MATERIAL FOR THE TASK: Begin

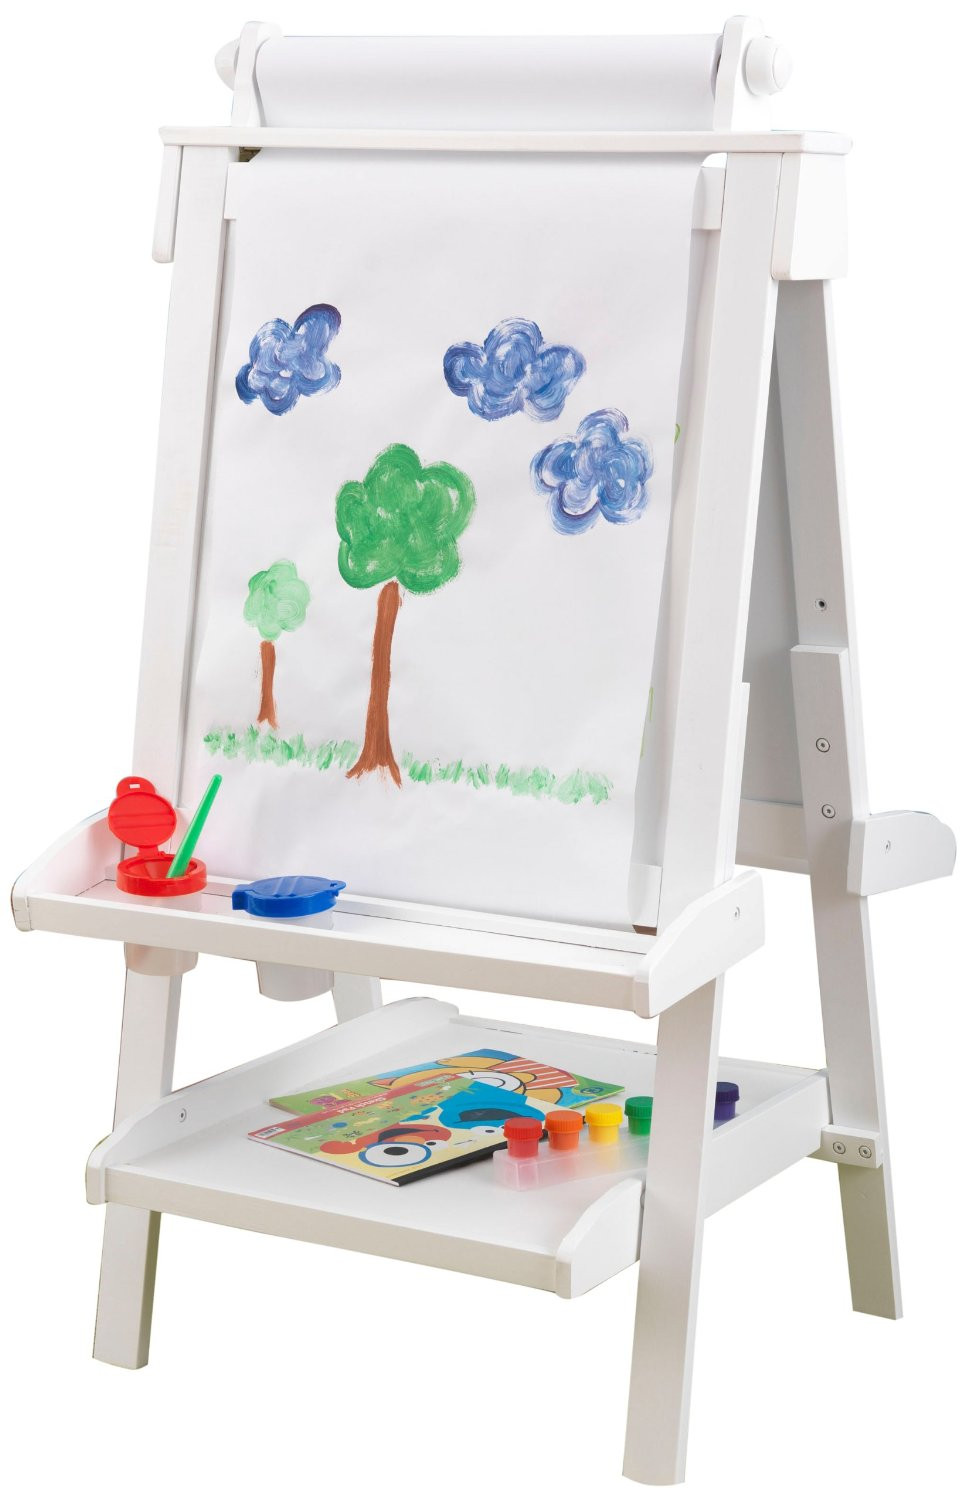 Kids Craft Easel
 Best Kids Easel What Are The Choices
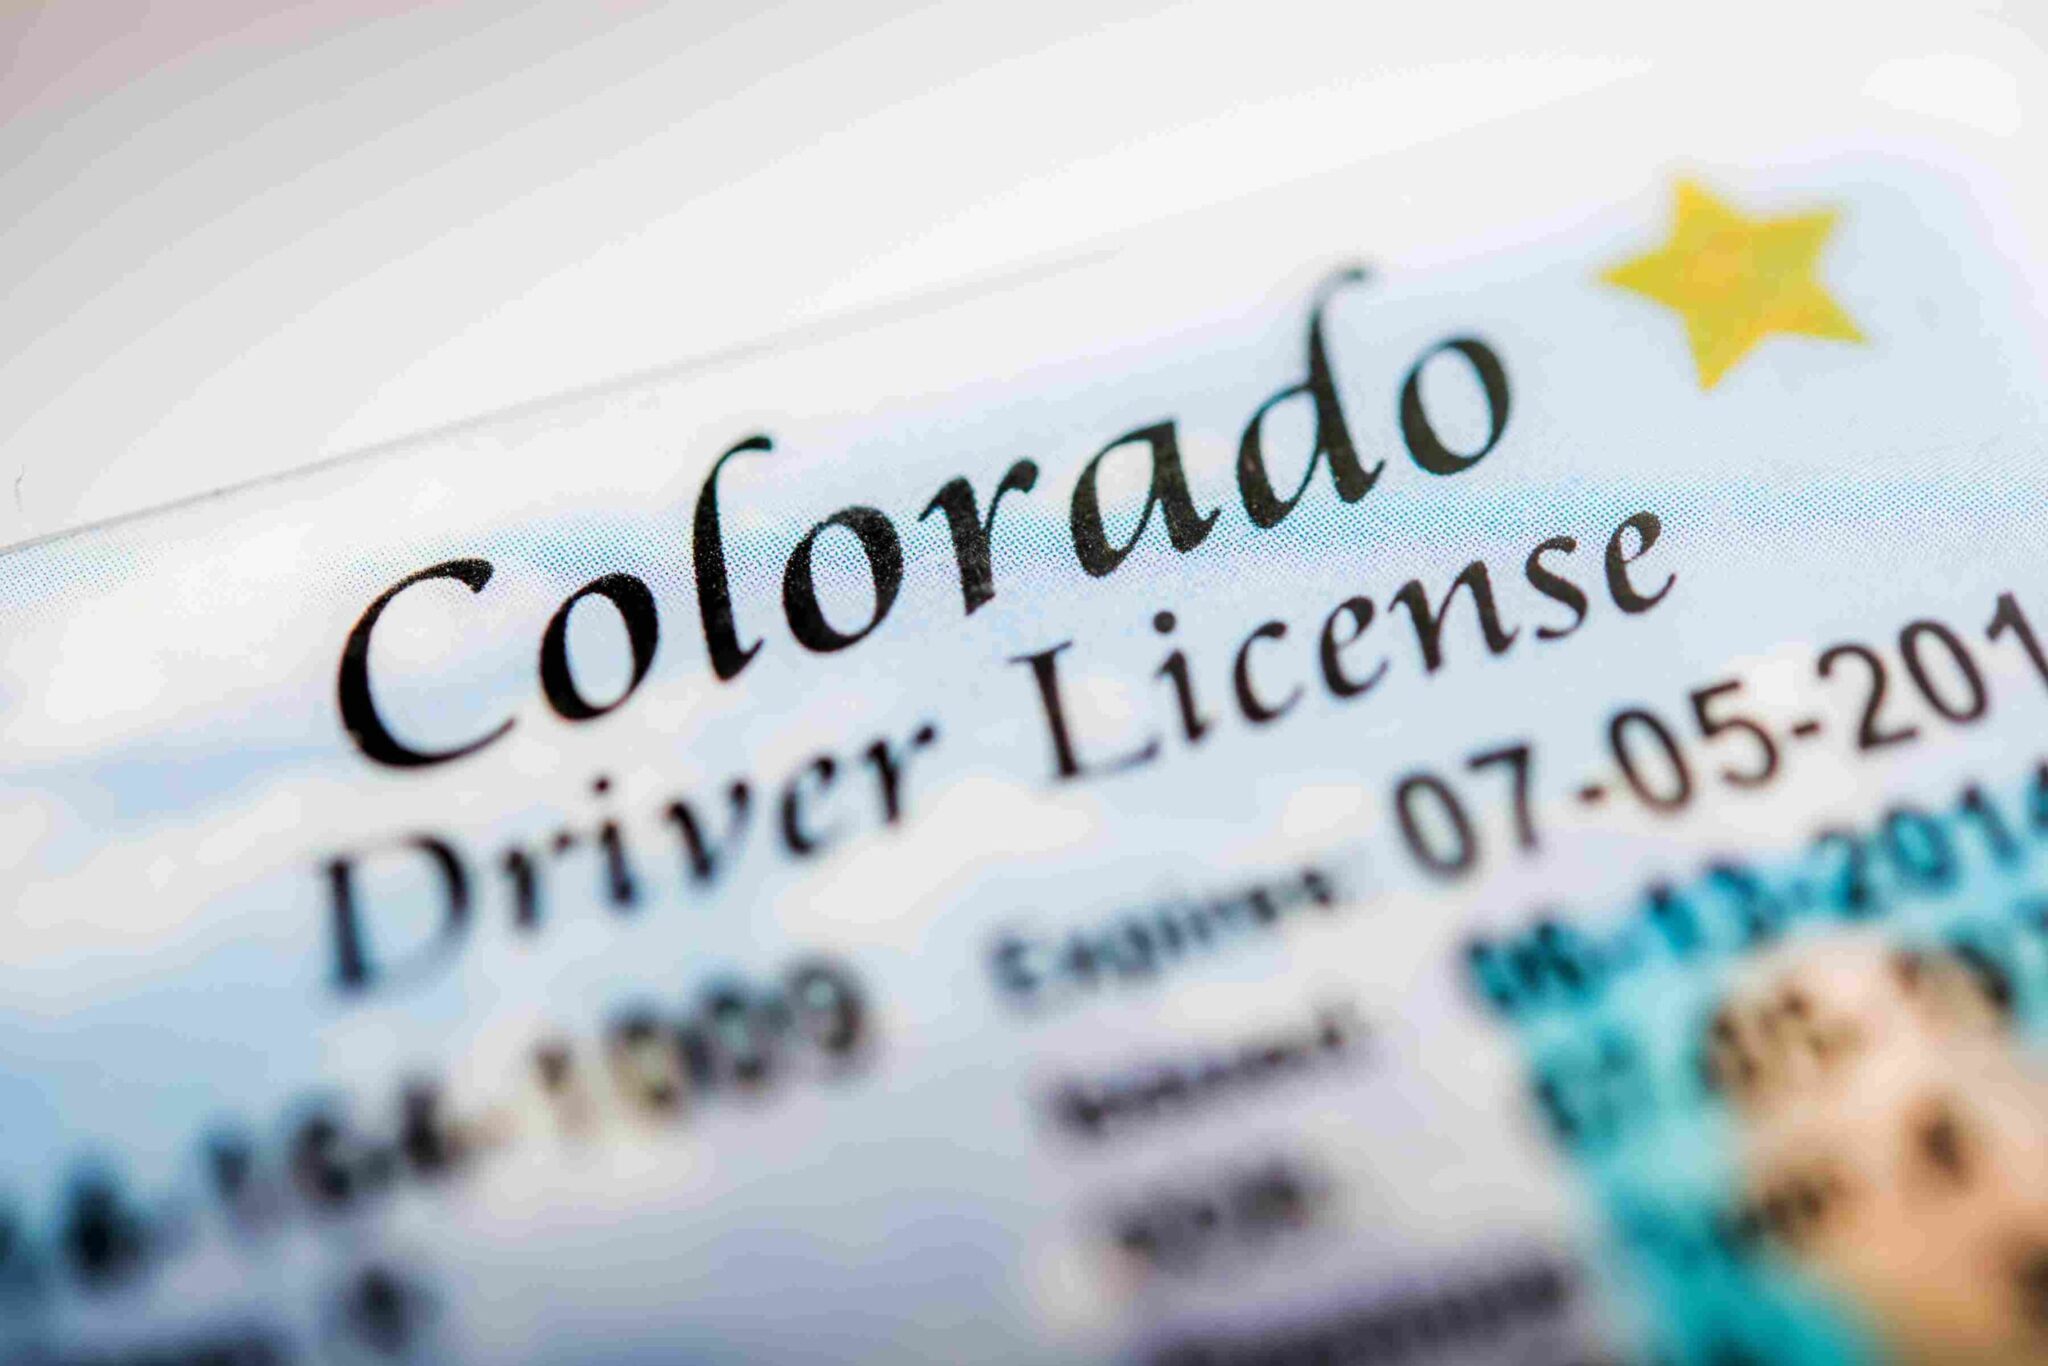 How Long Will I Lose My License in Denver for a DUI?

MATERIAL FOR THE TASK: End
MATERIAL FOR THE TASK: Begin

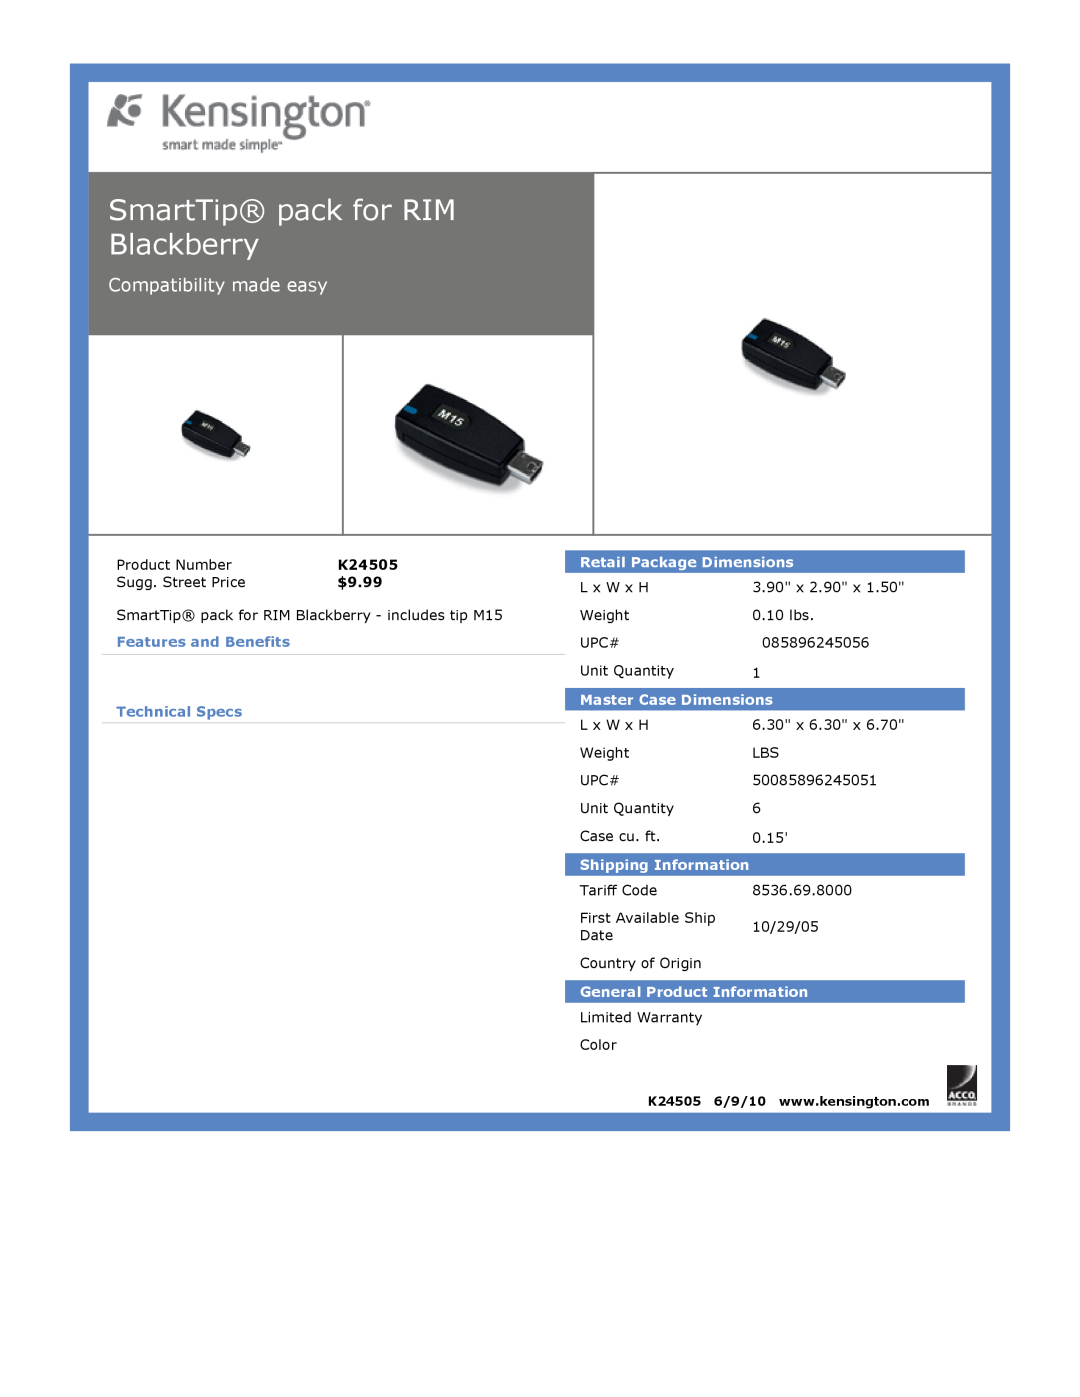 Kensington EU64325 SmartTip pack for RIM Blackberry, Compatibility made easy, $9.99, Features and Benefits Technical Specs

MATERIAL FOR THE TASK: End

_TASK REQUIREMENTS:_
Nothing but the lines from the one containing "Best Kids Easel What Are The Choices" through the one containing "How Long Will" should appear, copied exactly from the material above and without pictures.

_WRITTEN SOLUTION:_
 Best Kids Easel What Are The Choices
 How Long Will I Lose My License in Denver for a DUI?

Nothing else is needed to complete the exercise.